**Dataset section:**
--------

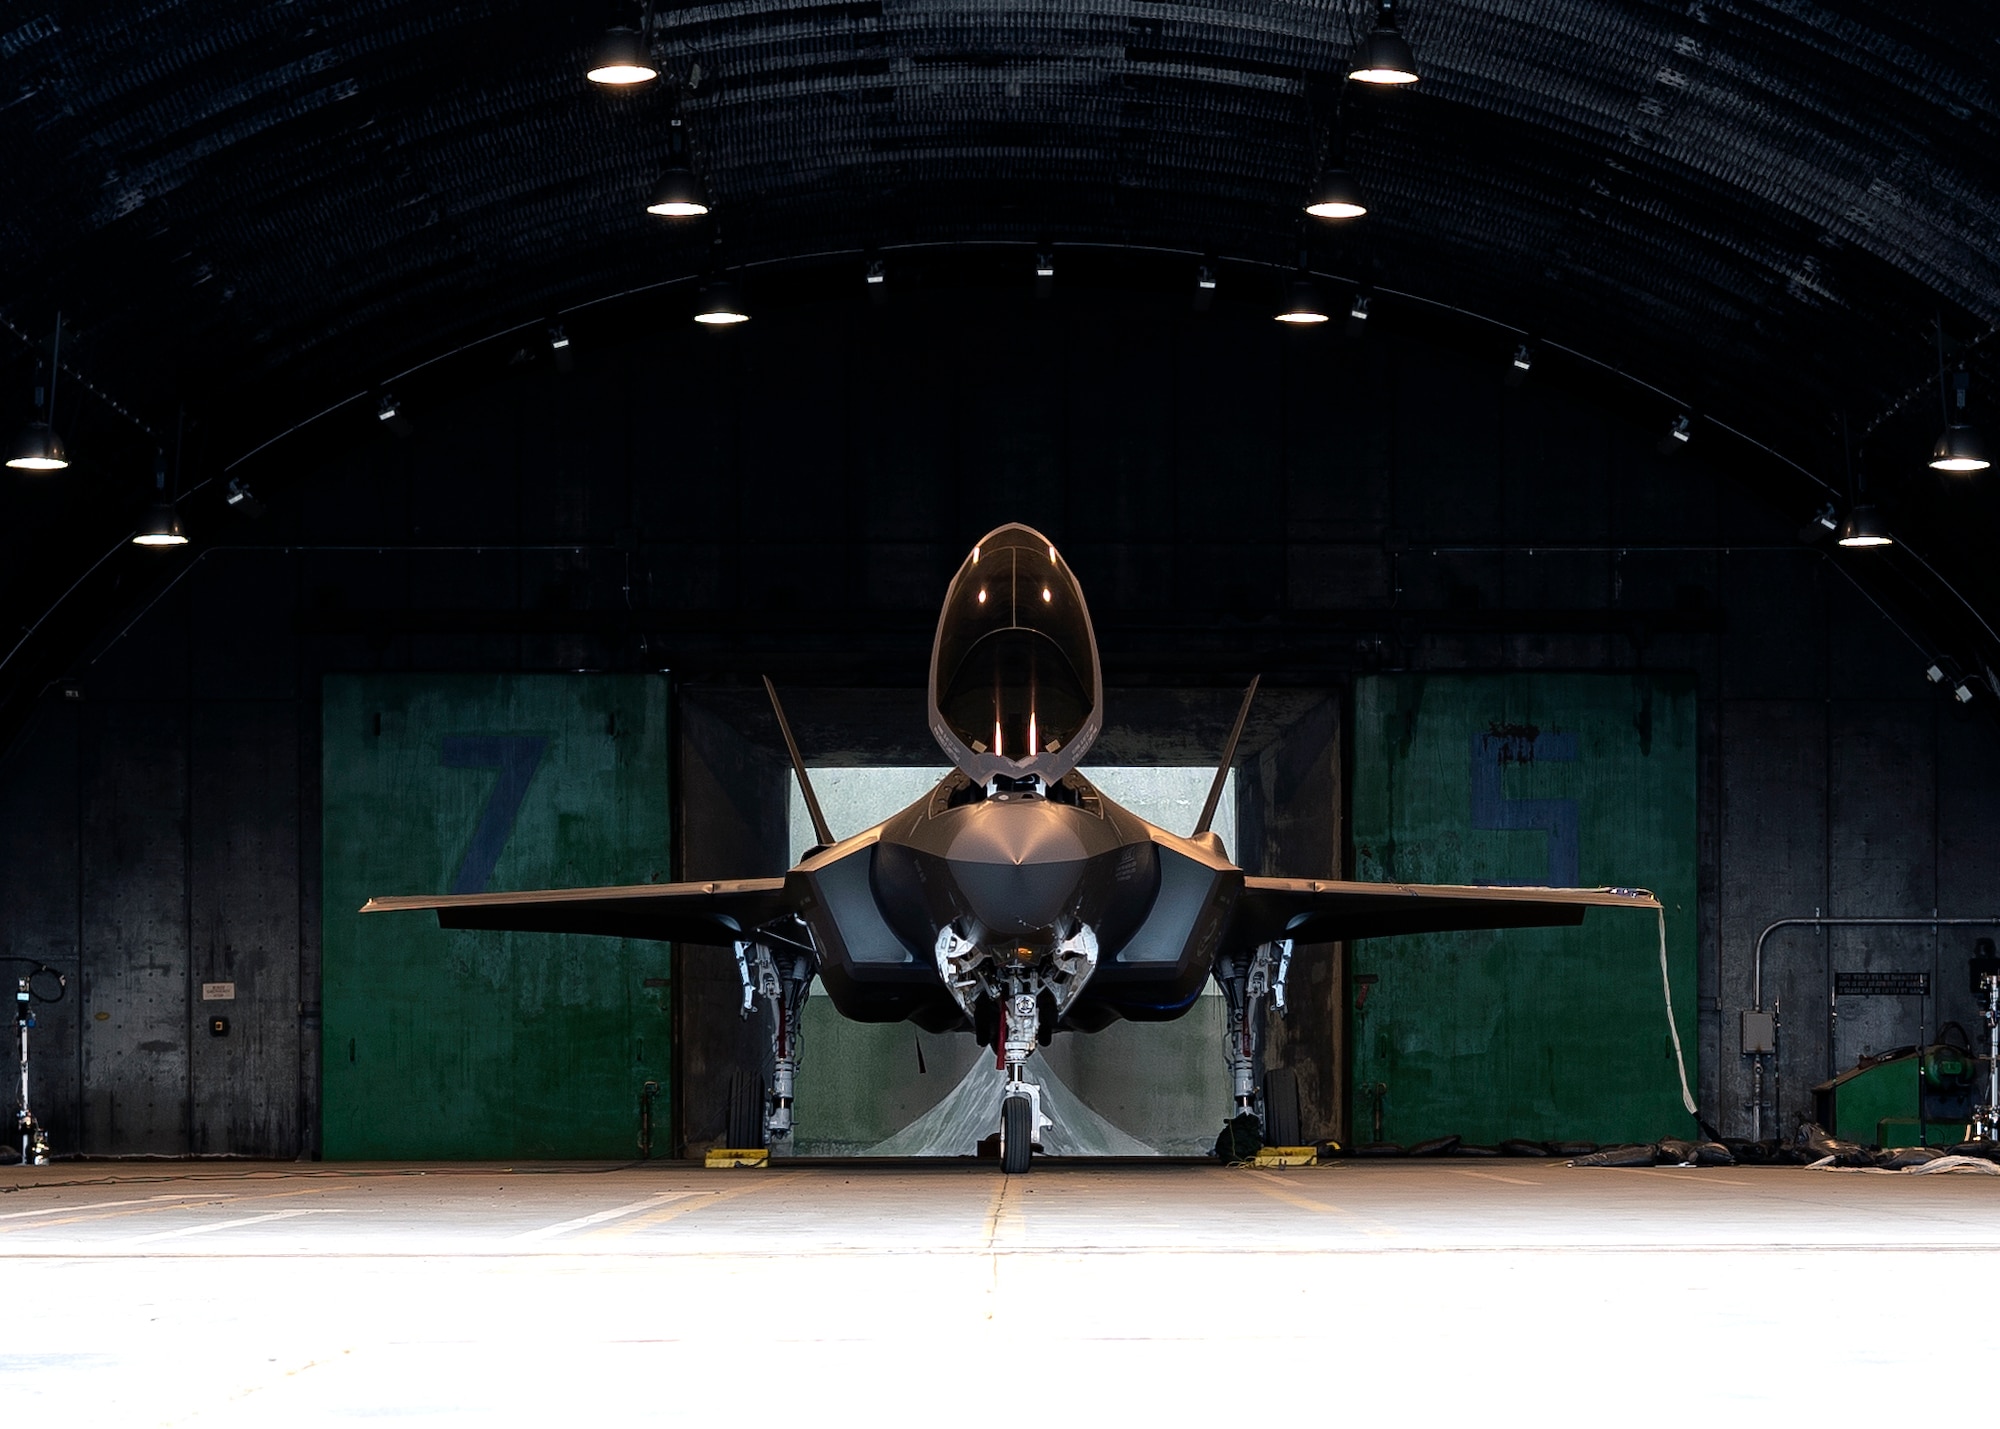 An F-35A Lightning II assigned to the 158th Fighter Wing Air, Vermont National Guard, stands static inside a protective aircraft shelter prior to the start of an acoustic and emission test at Royal Air Force Lakenheath, England, May 4, 2021. Prior to testing, acoustic sensors are affixed to the skin of the aircraft in structurally critical locations where acoustic pressure levels cannot be exceeded. (U.S. Air Force photo by Senior Airman Jessi Monte)
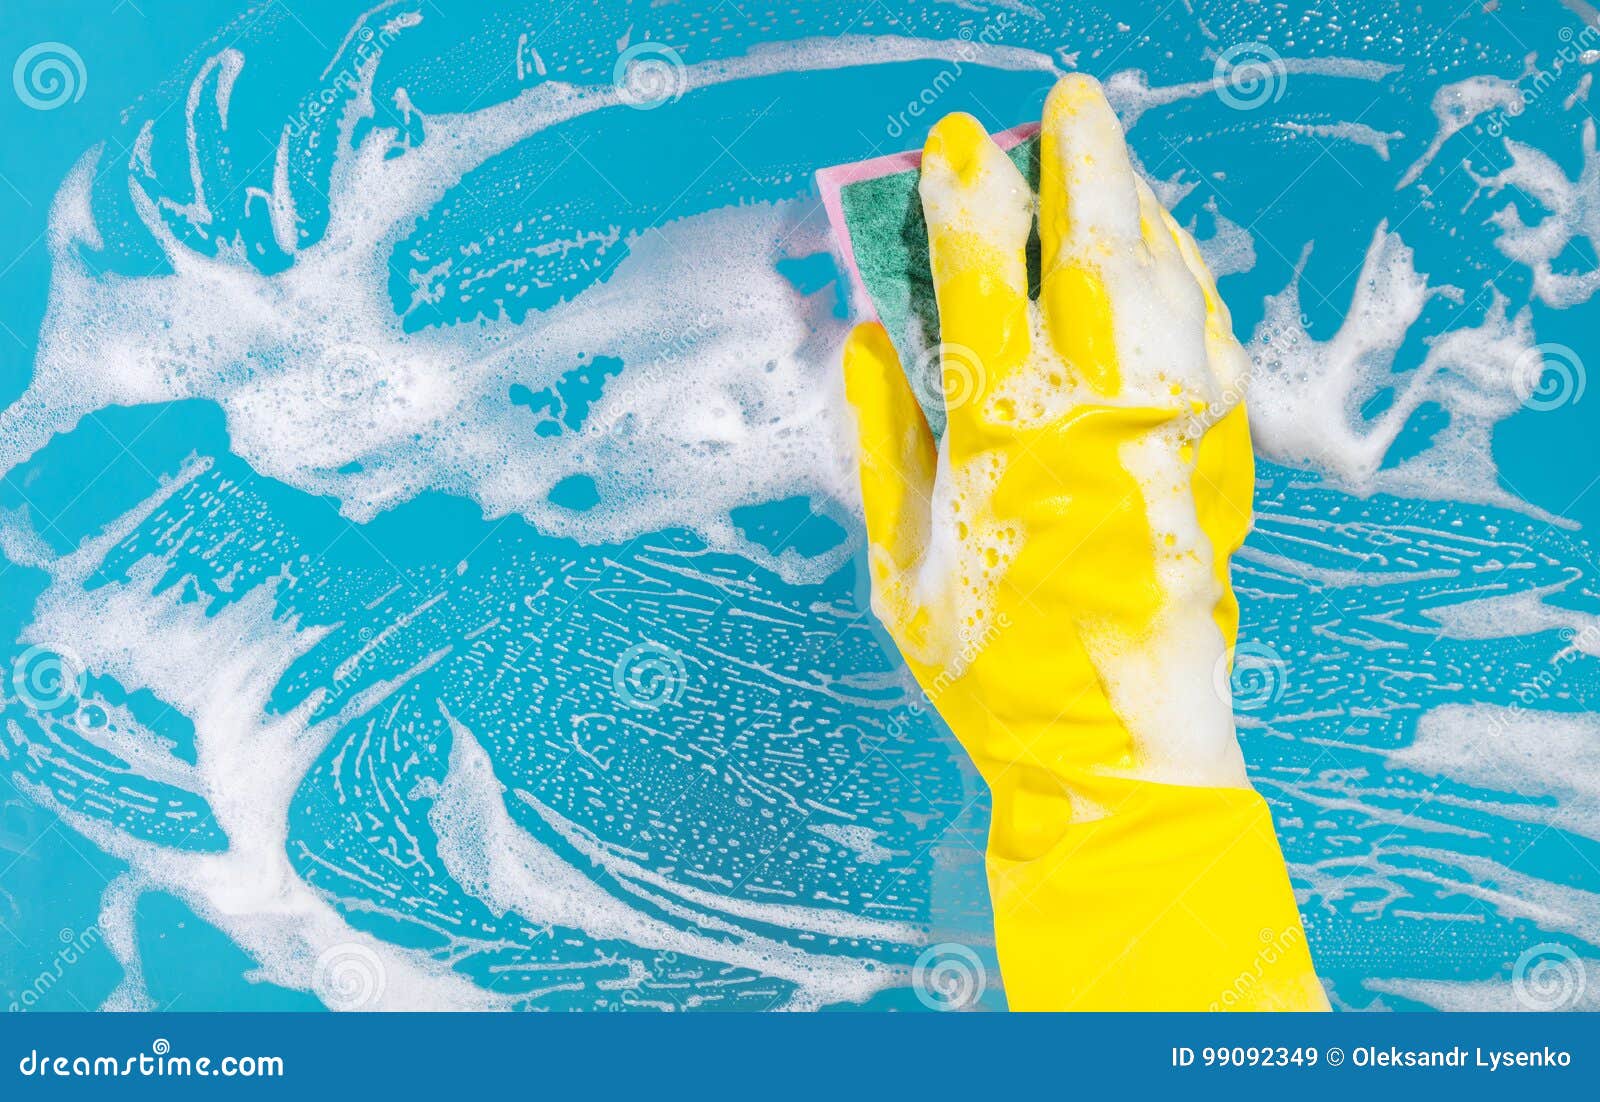 Hand Cleaning Glass Window Pane With Detergent And Wipe Or Sponge Stock Image Image Of Maid
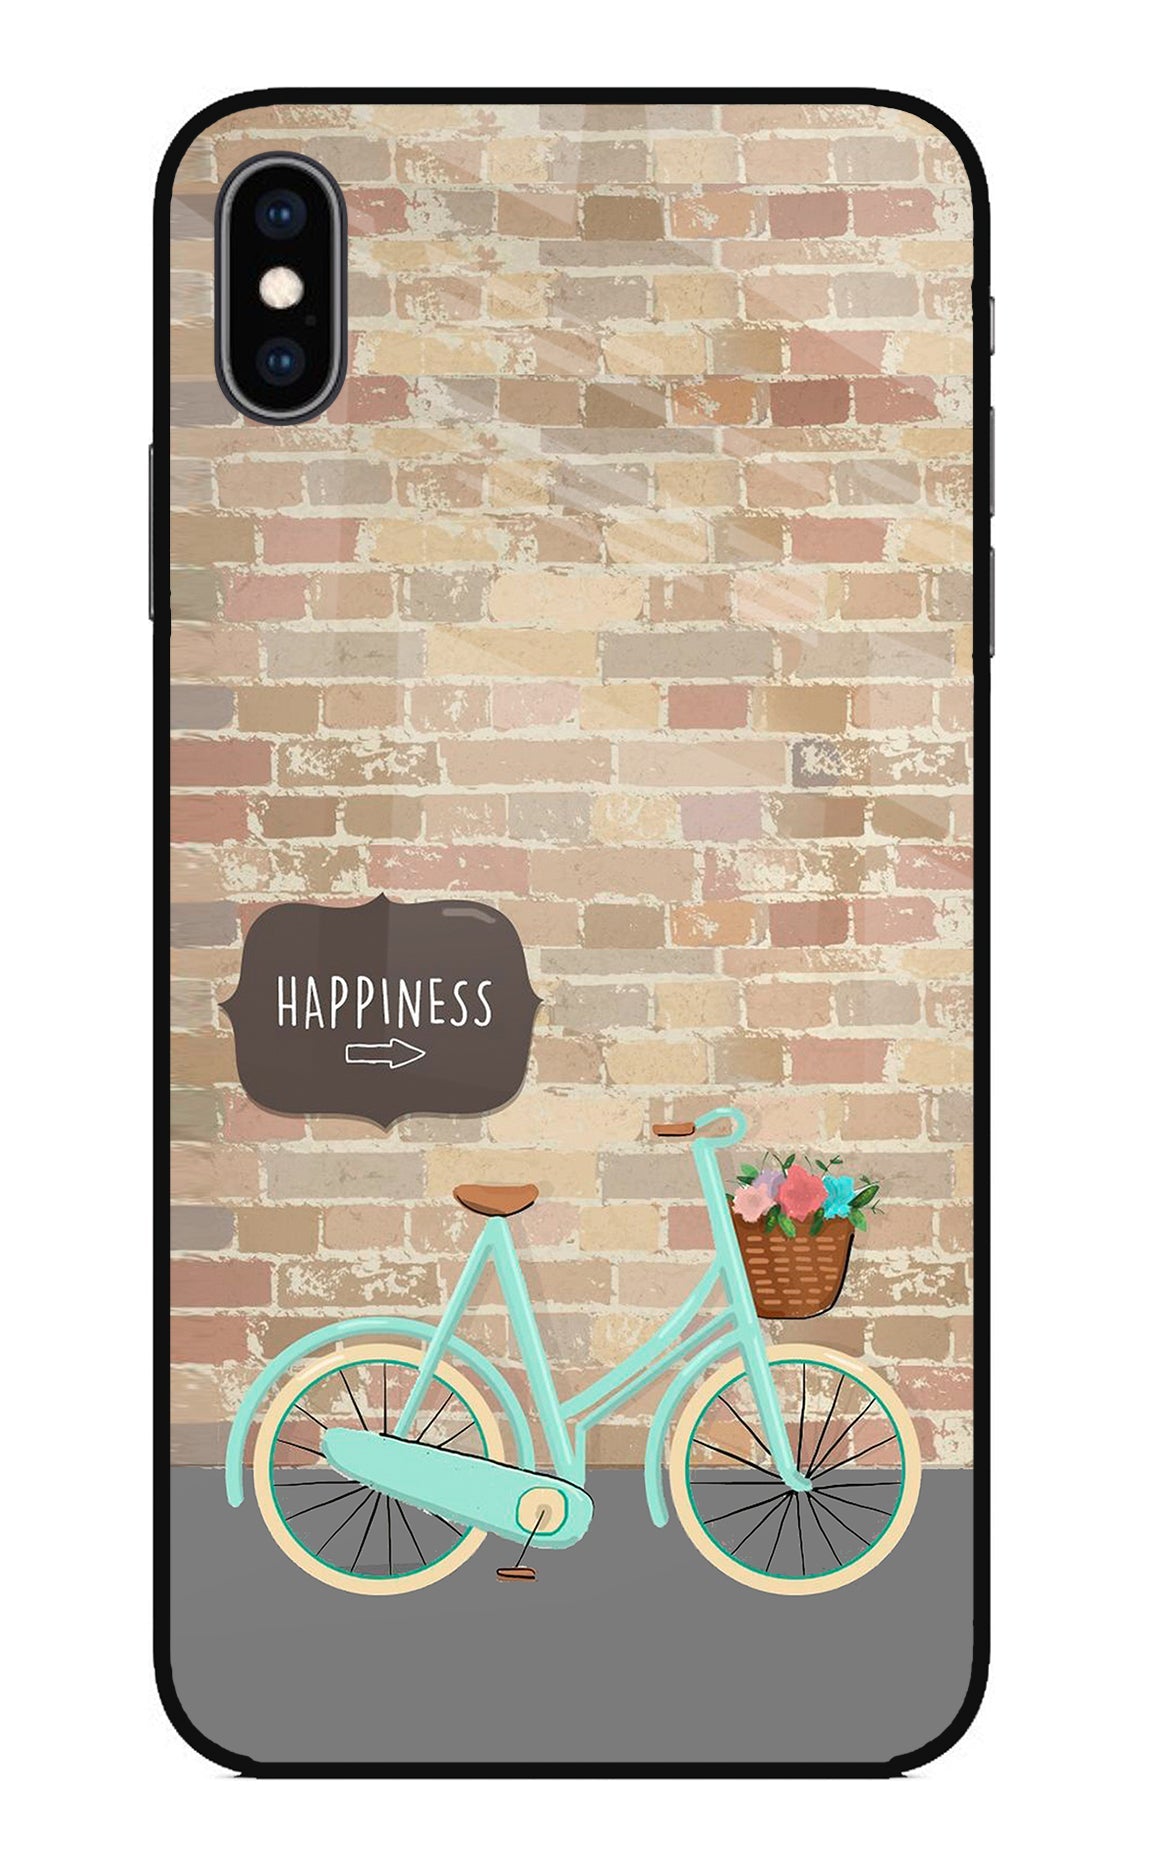 Happiness Artwork iPhone XS Max Glass Case

--------

**Task to complete:** Write out the listing above again, exactly, but with no pictures in the copy.

**Task answer:**
 An F-35A Lightning II assigned to the 158th Fighter Wing Air, Vermont National Guard, stands static inside a protective aircraft shelter prior to the start of an acoustic and emission test at Royal Air Force Lakenheath, England, May 4, 2021. Prior to testing, acoustic sensors are affixed to the skin of the aircraft in structurally critical locations where acoustic pressure levels cannot be exceeded. (U.S. Air Force photo by Senior Airman Jessi Monte)
 Hand Cleaning Glass Window Pane With Detergent And Wipe Or Sponge Stock Image Image Of Maid
 Happiness Artwork iPhone XS Max Glass Case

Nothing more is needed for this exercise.